Excerpts from a dataset:
==============================

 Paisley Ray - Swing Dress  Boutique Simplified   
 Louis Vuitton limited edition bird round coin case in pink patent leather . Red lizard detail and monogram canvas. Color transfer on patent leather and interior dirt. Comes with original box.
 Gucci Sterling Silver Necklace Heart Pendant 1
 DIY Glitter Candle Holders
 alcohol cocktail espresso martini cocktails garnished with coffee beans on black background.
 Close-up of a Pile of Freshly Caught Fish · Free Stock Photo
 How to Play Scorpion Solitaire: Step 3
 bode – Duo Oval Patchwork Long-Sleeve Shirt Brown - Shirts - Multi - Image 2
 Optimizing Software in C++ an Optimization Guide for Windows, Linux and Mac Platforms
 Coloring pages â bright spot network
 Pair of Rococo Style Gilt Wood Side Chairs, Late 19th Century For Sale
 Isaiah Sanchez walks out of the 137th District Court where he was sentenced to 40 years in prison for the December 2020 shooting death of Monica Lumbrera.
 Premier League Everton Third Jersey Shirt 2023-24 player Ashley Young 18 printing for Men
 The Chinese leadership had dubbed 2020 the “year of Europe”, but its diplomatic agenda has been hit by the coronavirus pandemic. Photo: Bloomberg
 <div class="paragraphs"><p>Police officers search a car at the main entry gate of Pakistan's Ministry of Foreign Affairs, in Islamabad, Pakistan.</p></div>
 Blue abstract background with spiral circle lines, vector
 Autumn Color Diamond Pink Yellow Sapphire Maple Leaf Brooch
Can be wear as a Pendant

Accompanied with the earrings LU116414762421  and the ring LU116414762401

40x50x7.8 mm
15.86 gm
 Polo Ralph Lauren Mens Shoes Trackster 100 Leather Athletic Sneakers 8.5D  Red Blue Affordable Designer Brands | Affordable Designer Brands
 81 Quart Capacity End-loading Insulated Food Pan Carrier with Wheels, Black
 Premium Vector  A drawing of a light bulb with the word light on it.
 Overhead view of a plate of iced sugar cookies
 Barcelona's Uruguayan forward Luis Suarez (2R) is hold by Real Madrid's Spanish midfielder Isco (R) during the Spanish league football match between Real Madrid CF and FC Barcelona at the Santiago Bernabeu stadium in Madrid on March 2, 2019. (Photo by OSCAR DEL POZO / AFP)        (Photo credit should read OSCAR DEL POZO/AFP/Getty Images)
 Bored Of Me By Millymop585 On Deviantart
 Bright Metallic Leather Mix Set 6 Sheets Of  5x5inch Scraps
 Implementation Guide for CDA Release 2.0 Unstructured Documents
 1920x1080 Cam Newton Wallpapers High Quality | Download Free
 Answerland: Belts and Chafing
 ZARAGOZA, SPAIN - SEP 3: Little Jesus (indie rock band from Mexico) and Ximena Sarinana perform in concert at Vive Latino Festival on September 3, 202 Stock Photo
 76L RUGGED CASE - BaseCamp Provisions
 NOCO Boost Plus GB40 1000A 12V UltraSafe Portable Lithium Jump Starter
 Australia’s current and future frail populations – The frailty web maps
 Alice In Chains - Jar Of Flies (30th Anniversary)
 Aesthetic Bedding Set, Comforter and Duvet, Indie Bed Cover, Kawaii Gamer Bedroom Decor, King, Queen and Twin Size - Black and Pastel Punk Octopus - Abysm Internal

==============================

In full and exactly as written, repeat the data.

● The completed task
 Paisley Ray - Swing Dress  Boutique Simplified   
 Louis Vuitton limited edition bird round coin case in pink patent leather . Red lizard detail and monogram canvas. Color transfer on patent leather and interior dirt. Comes with original box.
 Gucci Sterling Silver Necklace Heart Pendant 1
 DIY Glitter Candle Holders
 alcohol cocktail espresso martini cocktails garnished with coffee beans on black background.
 Close-up of a Pile of Freshly Caught Fish · Free Stock Photo
 How to Play Scorpion Solitaire: Step 3
 bode – Duo Oval Patchwork Long-Sleeve Shirt Brown - Shirts - Multi - Image 2
 Optimizing Software in C++ an Optimization Guide for Windows, Linux and Mac Platforms
 Coloring pages â bright spot network
 Pair of Rococo Style Gilt Wood Side Chairs, Late 19th Century For Sale
 Isaiah Sanchez walks out of the 137th District Court where he was sentenced to 40 years in prison for the December 2020 shooting death of Monica Lumbrera.
 Premier League Everton Third Jersey Shirt 2023-24 player Ashley Young 18 printing for Men
 The Chinese leadership had dubbed 2020 the “year of Europe”, but its diplomatic agenda has been hit by the coronavirus pandemic. Photo: Bloomberg
 <div class="paragraphs"><p>Police officers search a car at the main entry gate of Pakistan's Ministry of Foreign Affairs, in Islamabad, Pakistan.</p></div>
 Blue abstract background with spiral circle lines, vector
 Autumn Color Diamond Pink Yellow Sapphire Maple Leaf Brooch
Can be wear as a Pendant

Accompanied with the earrings LU116414762421  and the ring LU116414762401

40x50x7.8 mm
15.86 gm
 Polo Ralph Lauren Mens Shoes Trackster 100 Leather Athletic Sneakers 8.5D  Red Blue Affordable Designer Brands | Affordable Designer Brands
 81 Quart Capacity End-loading Insulated Food Pan Carrier with Wheels, Black
 Premium Vector  A drawing of a light bulb with the word light on it.
 Overhead view of a plate of iced sugar cookies
 Barcelona's Uruguayan forward Luis Suarez (2R) is hold by Real Madrid's Spanish midfielder Isco (R) during the Spanish league football match between Real Madrid CF and FC Barcelona at the Santiago Bernabeu stadium in Madrid on March 2, 2019. (Photo by OSCAR DEL POZO / AFP)        (Photo credit should read OSCAR DEL POZO/AFP/Getty Images)
 Bored Of Me By Millymop585 On Deviantart
 Bright Metallic Leather Mix Set 6 Sheets Of  5x5inch Scraps
 Implementation Guide for CDA Release 2.0 Unstructured Documents
 1920x1080 Cam Newton Wallpapers High Quality | Download Free
 Answerland: Belts and Chafing
 ZARAGOZA, SPAIN - SEP 3: Little Jesus (indie rock band from Mexico) and Ximena Sarinana perform in concert at Vive Latino Festival on September 3, 202 Stock Photo
 76L RUGGED CASE - BaseCamp Provisions
 NOCO Boost Plus GB40 1000A 12V UltraSafe Portable Lithium Jump Starter
 Australia’s current and future frail populations – The frailty web maps
 Alice In Chains - Jar Of Flies (30th Anniversary)
 Aesthetic Bedding Set, Comforter and Duvet, Indie Bed Cover, Kawaii Gamer Bedroom Decor, King, Queen and Twin Size - Black and Pastel Punk Octopus - Abysm Internal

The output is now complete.